**Dataset excerpt**
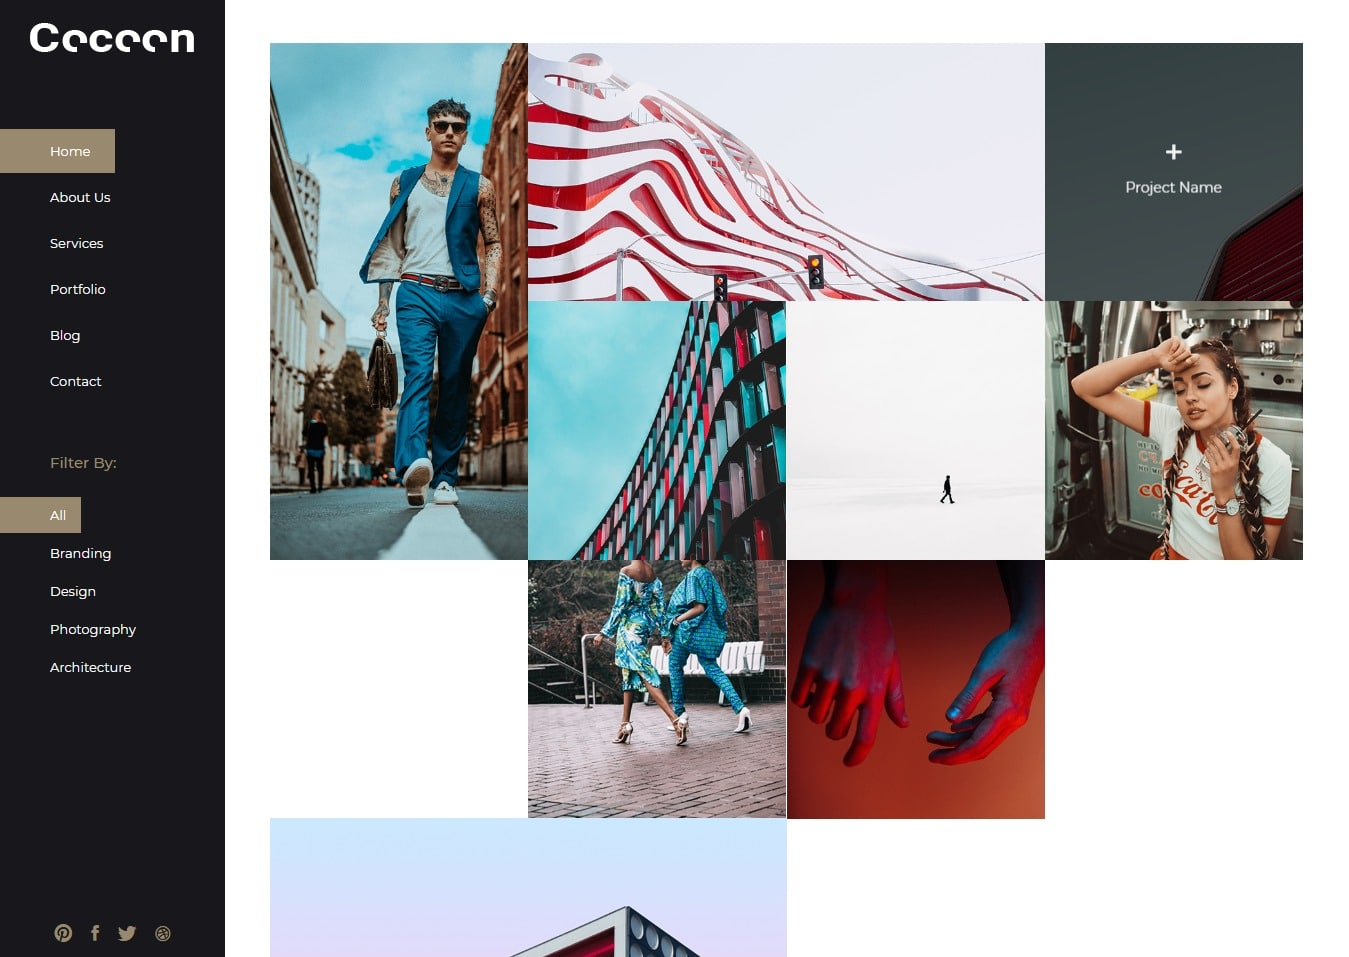 cocoon-gallery-website-template
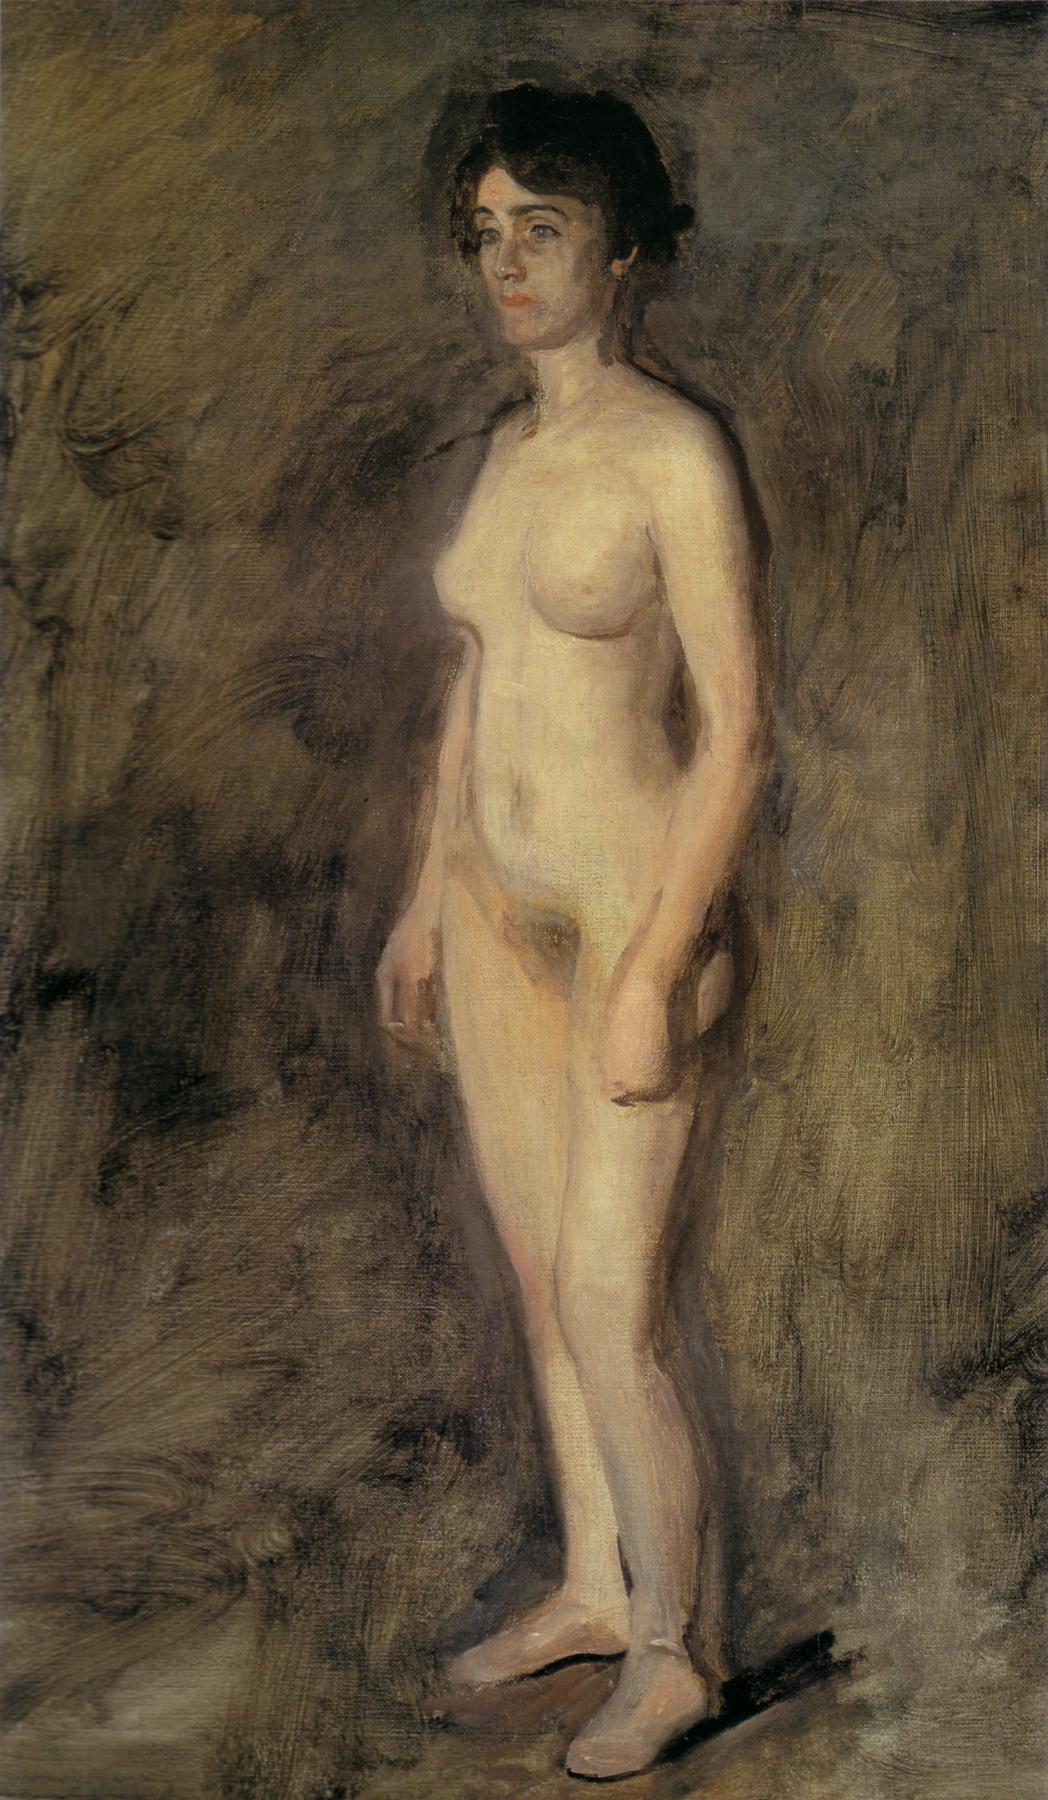 Thomas Eakins. Standing Nude woman
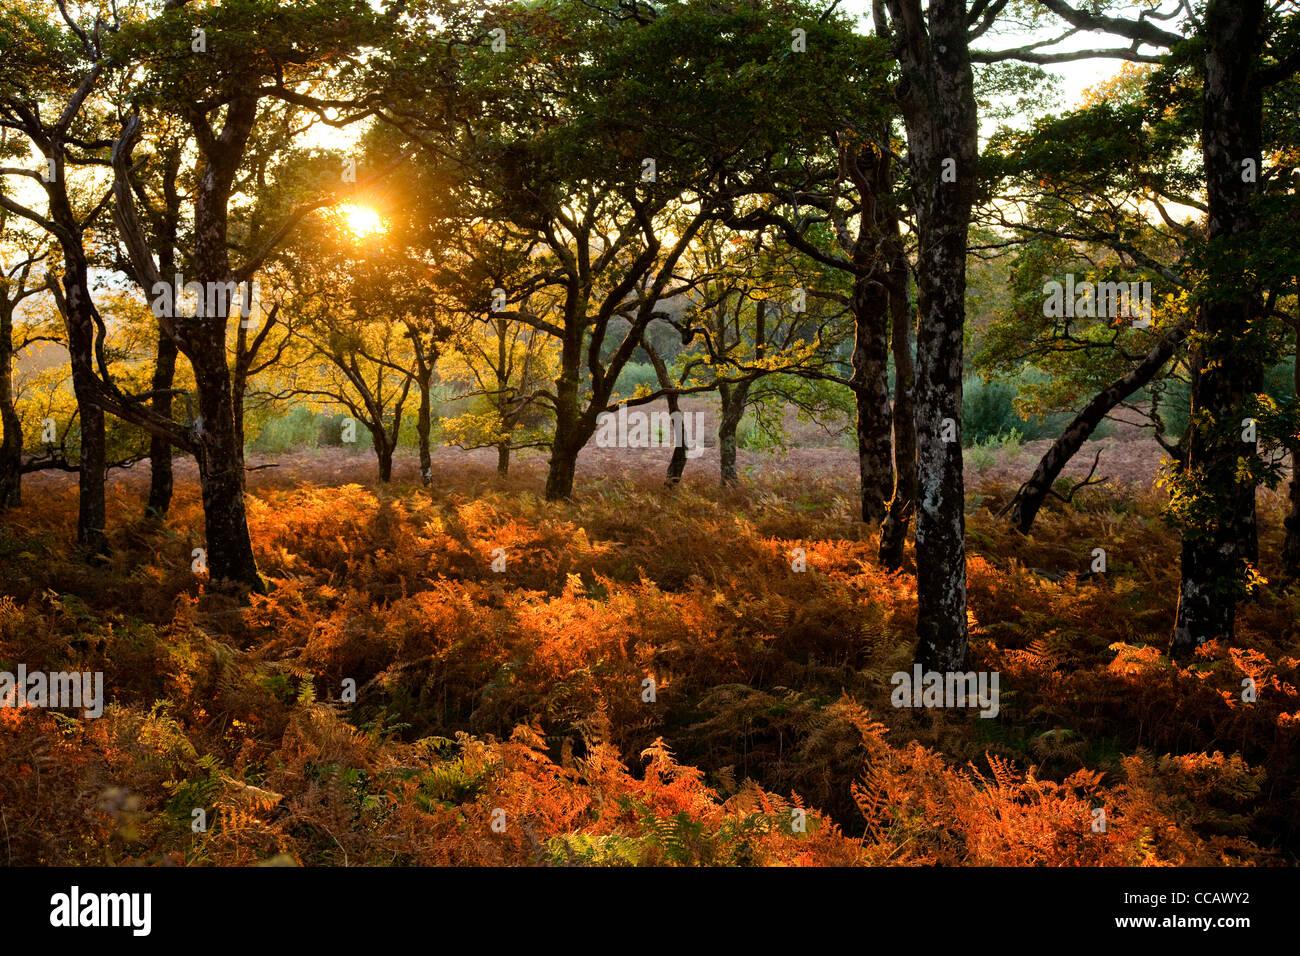 Abendlicht auf Herbst Eichenholz, Erriff Woods, County Mayo, Irland. Stockbild
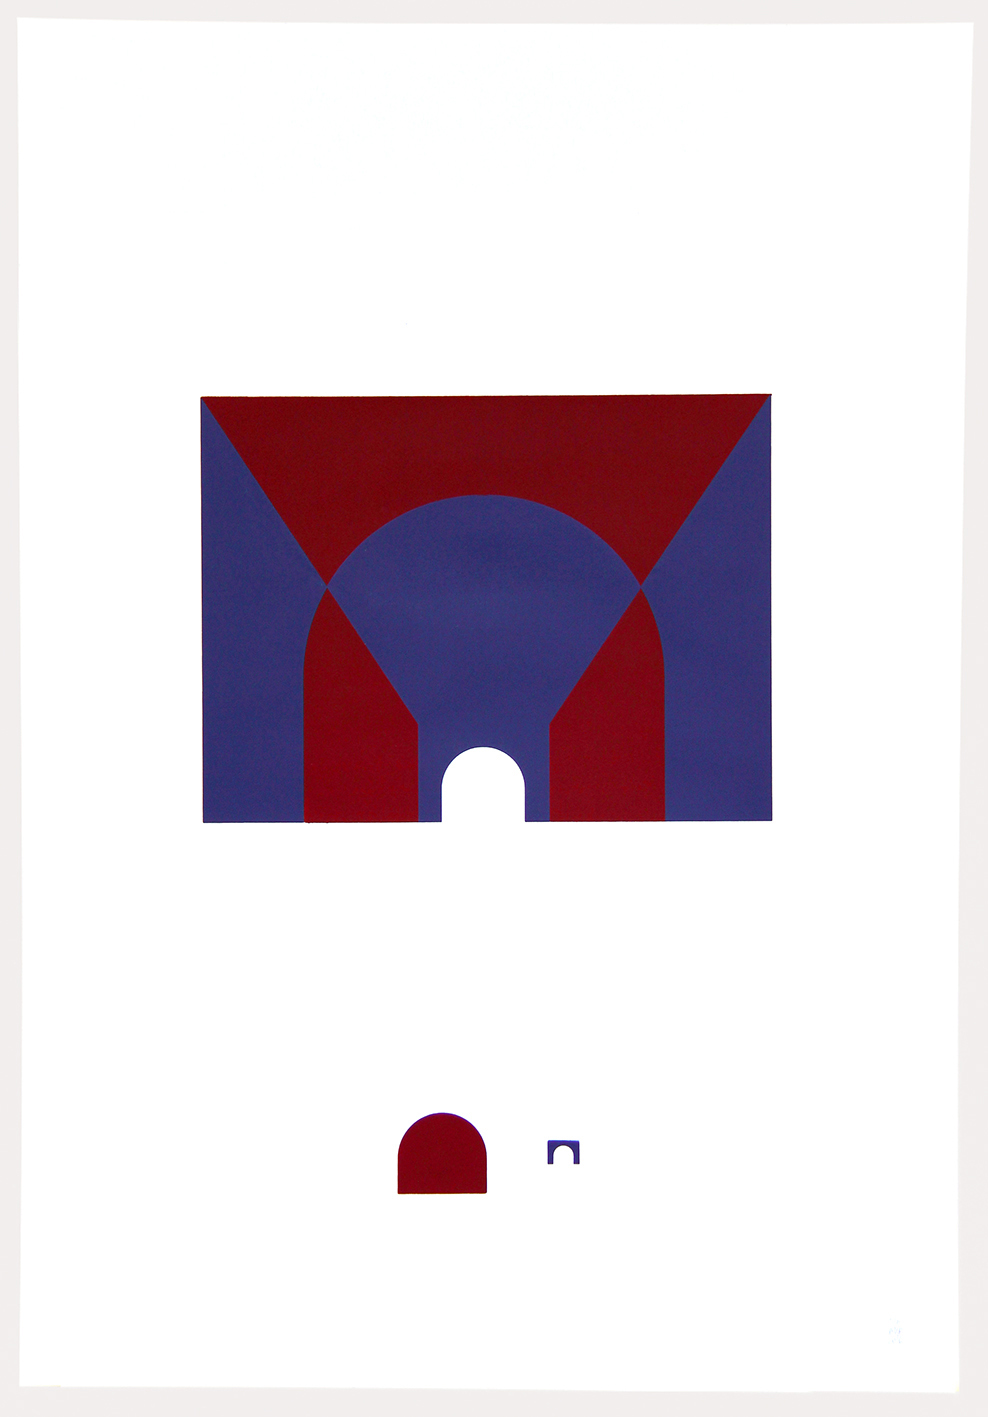 inout (Dialéctica)-2016 Serigrafia dos colores Dimensiones w:47cm h:67cm Serie de 6 $70.000.-

**What needs to be done**
Your output must consist only of the lines from the line with "Thomas Eakins. Standing Nude woman" through the final line of the data, both included, reproduced exactly and free of pictures.

**Exercise response**
 Thomas Eakins. Standing Nude woman
 Abendlicht auf Herbst Eichenholz, Erriff Woods, County Mayo, Irland. Stockbild
 inout (Dialéctica)-2016 Serigrafia dos colores Dimensiones w:47cm h:67cm Serie de 6 $70.000.-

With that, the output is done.